My father died when I was only two, so I didn’t get an opportunity to observe my father's efforts to adapt to the inevitable changes impacting his culturally defined role as a man in the post-WWII 1950s and to learn from him. But I imagine him watching me and my generation attempt to evolve into more gender sensitive men as more and more gender equality was being expected and accepted. And I think he would have been even more impressed when he watched my sons, his grandchildren, as they became ever more part of nurturing their children as they adapted to the challenges of two family incomes, changing presumptions about “male authority/privilege,” and dealt with the shift to gender equality in general in the workplace, community and public life. And now as I look back on my experience of the ongoing shifts in societal male roles over at least fifty years, I can celebrate the evolution towards equality and what it means to have become a better version of a male in these times.
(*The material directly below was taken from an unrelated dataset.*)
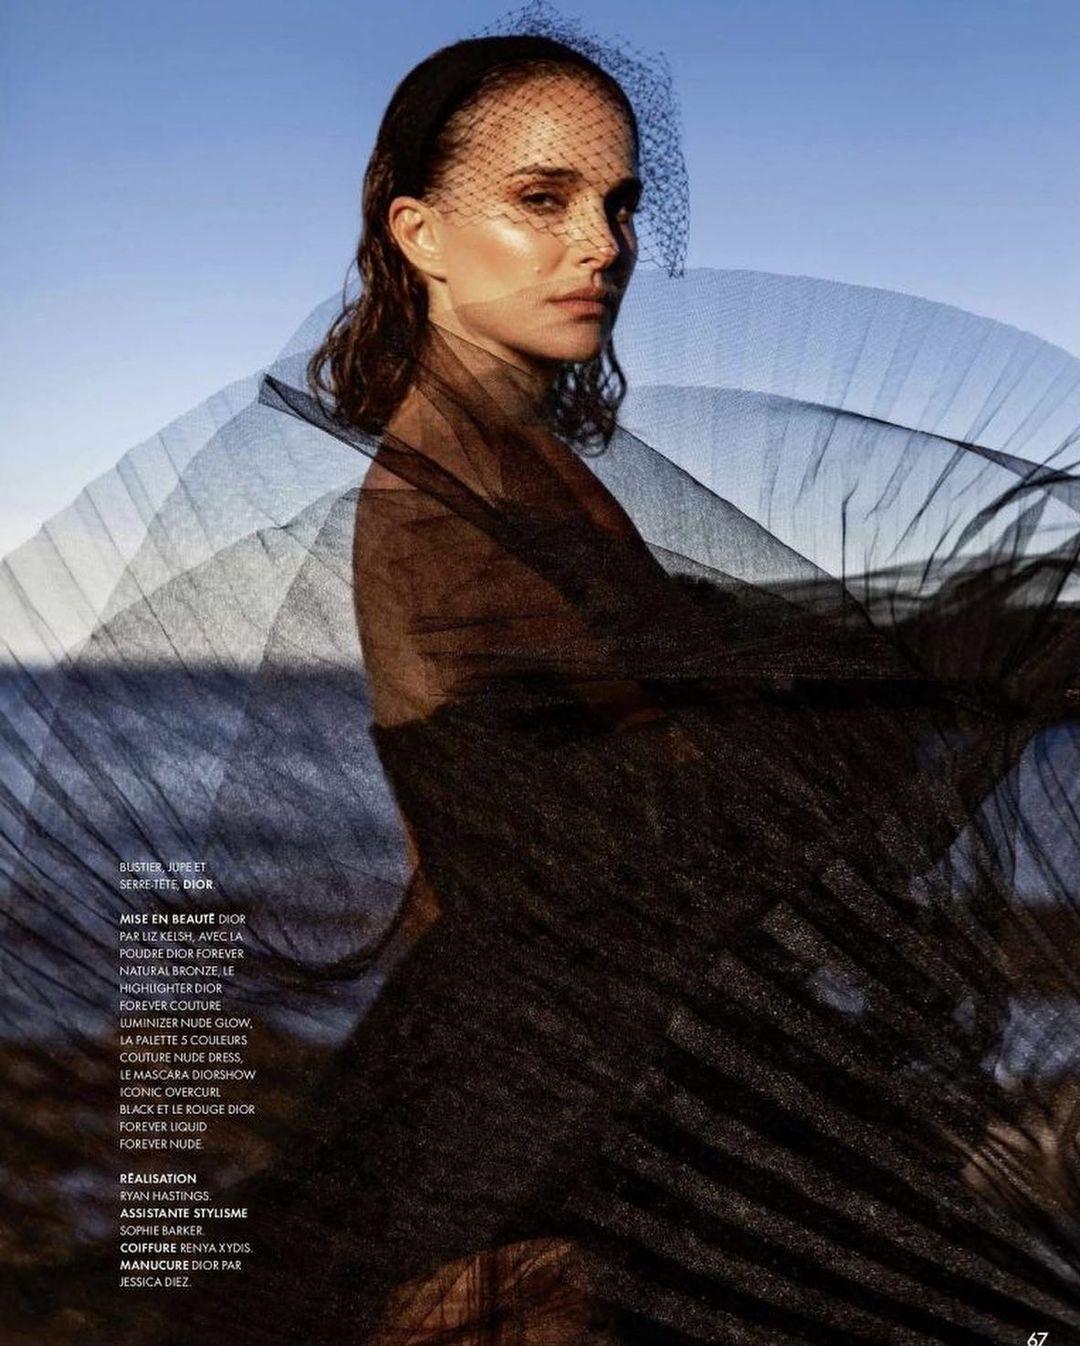 Натали Портман украсила обложку известного глянца (ФОТО) - фото №1

Women have also been faced with tensions related to gender equality, of course, not the least of which is the often frustrating pace of change as men resisted their losses of privilege and exceptionalism. From my experience the transitions have often simply been confusing. With no particular models or guideposts about how to accommodate and adjust to the transition of gender roles, the demands and expectations of a change of behavior and speech felt like shifting sand under my feet. But I am clear now that I have been part of this extremely important evolution of cultural norms that now give me such deep satisfaction to see our sons so involved in the daily lives of their children, and I am very pleased that all our grandchildren, both boys and girls, are now far less burdened by the constraints of gender inequality.
But for a moment of reality as well…The shift to gender equality is far from over, of course. Many of my male brothers across the country continue to mightily and violently resist the shift. White males especially have traditionally benefited from the privileges of simply being male, and the movement toward inclusiveness and social ascendancy of not only women but people of color, immigrants, and LGBTQ people, among others, presents a threatening loss of power and privilege that is painful to observe (at least for me as I attempt to empathically understand their anger) and politically dangerous. Simultaneously our culture is caught between a threatening dynamic tension that is both happening too slowly and not fast enough.
Which brings me back to my thoughts about manhood. It seems to me that our understanding about gender at birth is a biological, God-given reality, but how we go about defining, naming and thinking about gender and manhood is a linguistic and social construct. There are many ways to define manhood that transcend and transform the one I grew up with. Over the last fifty years or more of my life I have been creating and recreating my understanding of manhood for myself and for my children and the coming generations. The process has led me to appreciate the liberation of becoming a “sensitive male,” less authoritarian, less worried about the power of simply being a male and instead exploring, growing and nurturing my power to create a world informed by, and responsive to, a commitment to the practice of nonviolence. I can think of few things demanding the male virtues of courage and protection of loved ones greater than the practice of nonviolent, sacrificial love and life-affirming service to family and community.
I believe our angry and besieged white brothers actually already have the capacity for that kind of commitment for love and protection that is presently misdirected into frustrated expressions of rage and violence. But as we continue to envision and create models of manhood that are committed to equality, nurturance, nonviolence and inclusiveness, we are part of generating a new, hopeful model of manhood that will lead to a more peaceful world. Blessed be!